I am underemployed. I have been unemployed. The news these days is filled with stats on people like me, but I want you to know what it is like.
I lost my job in late 2009, without warning, thanks to the economy. I have a BA from a very good school and a JD. I've passed the bar exam. I have good references, and I have experience. But, what people don't understand is that these qualifications don't GUARANTEE me success. It doesn't necessarily make my job search any easier. Just because I'm not where you expect me to be does not mean I'm a bad person or lazy.
Though I am employed today (part-time), I am underemployed. I'm using my degree a bit, but the position is low hours and not permanent. I am incredibly thankful for this position, but it's difficult to talk to people about my job situation right now. It's inevitably met with "Why aren't you working more?" and "Why are you working there?" and then advice (and more advice... and even more advice) about what to do.
What they don't understand, however great their intentions, is that I have two competing balances--- to myself and to my well-being. For myself: I'd love to work somewhere else, full-time, and doing what I love. But, for my well-being: that job might never come. Despite the best of qualifications, I might not ever get there. And, I need to survive in the meantime (or forever, whichever it might be).
What I wish people would do is not assume.

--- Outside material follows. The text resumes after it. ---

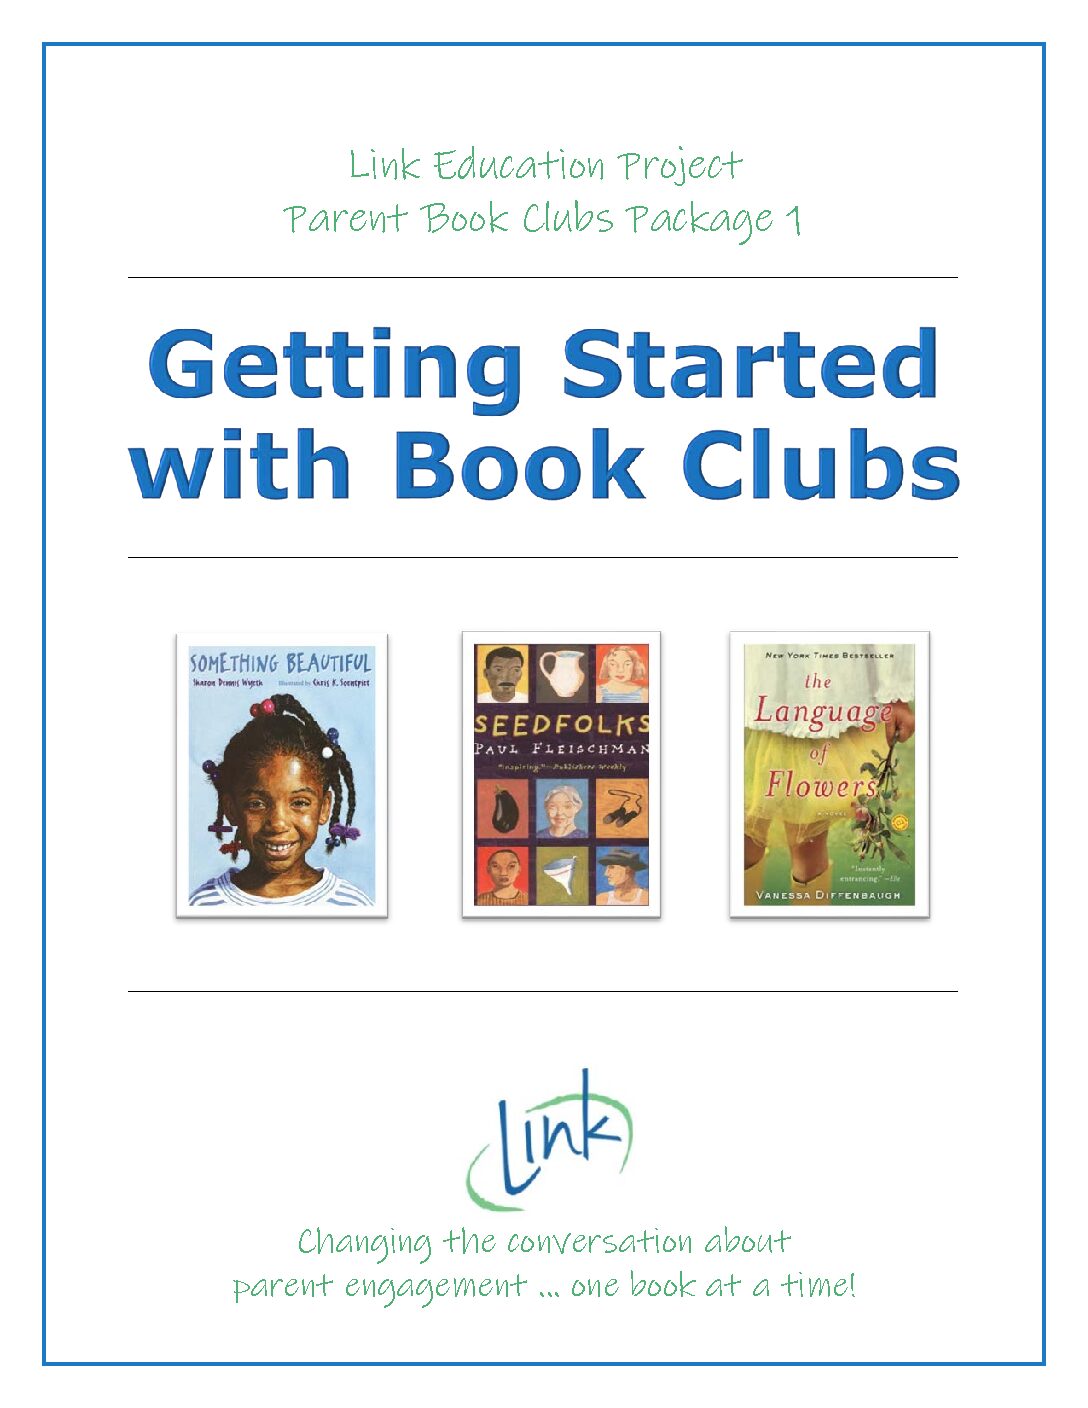 Getting Started with Book Clubs

Please don't assume I'm unhappy because I'm not in a position that YOU thought I'd be. Please don't assume I feel bad. Please don't assume I want to talk about it. Believe me, I've beat myself up and down. I have to try to feel good about myself. I have good days and bad. I have days where I feel stupid for not being able to find a better job.... there are days where I scan Craigslist and other sources for ANYTHING and want to cry when there are no jobs I qualify for... and know that other jobs I apply to I will be turned away from for being "overqualified." I've thought about hiding my experience and my degrees on my resume and applying for other positions, but I'm not to that point yet. It makes me hopeful and incredibly sad to think about hiding things which took me decades to accomplish.

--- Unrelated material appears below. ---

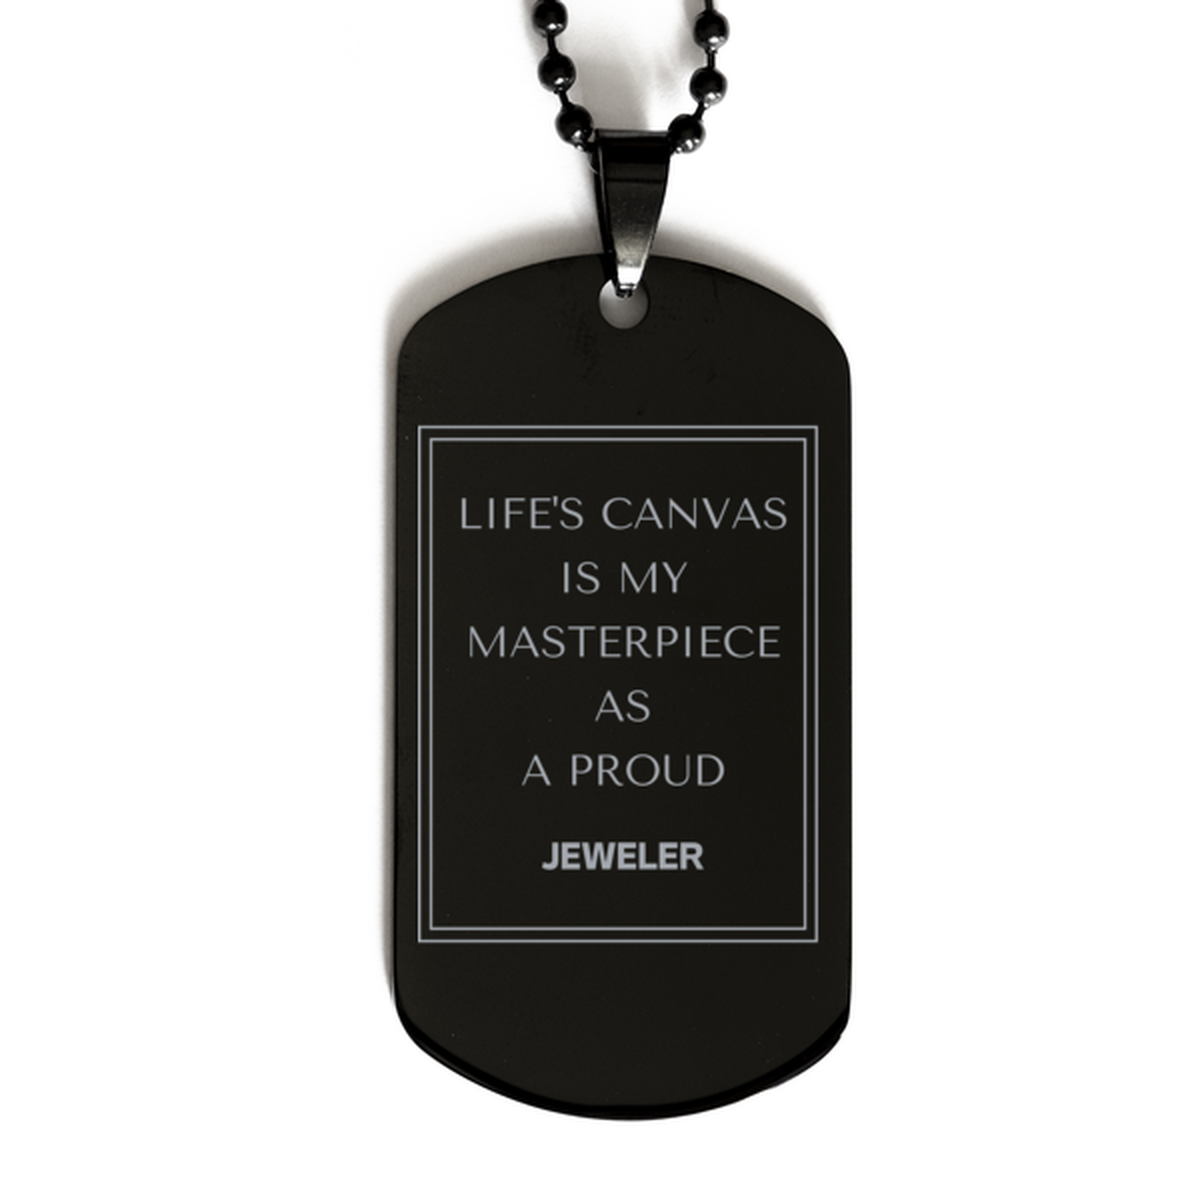 Proud Jeweler Gifts, Life's canvas is my masterpiece, Epic Birthday Christmas Unique Black Dog Tag For Jeweler, Coworkers, Men, Women, Friends

But please, I don't need or want your judgment. I'd love you to be proud of me-- I'm making it work. Of course I'm looking for other jobs. But, what I need from you right now is the support of reminding me that I'm not a bad person... not another person spouting advice and judgment. I would love you to be sensitive to the fact that this is a hard time for me. I am so proud of you and your job... but I might not want to talk about it for hours. Is that ok?
I've had to put so many things on the back burner. Children. Trips. Family. Please be sensitive to that and stop asking me when I will have kids and reminding me that I'm not growing any younger.
What I want you to do the most: Put yourself in my shoes. You'll realize that I'm doing the best I can, I have a strong will to get out of this, and I have a determined smile on my face. But, that doesn't mean I need your judgment or advice. I need friends who are proud of me for what and where I am, not judgmental for what and where I am not.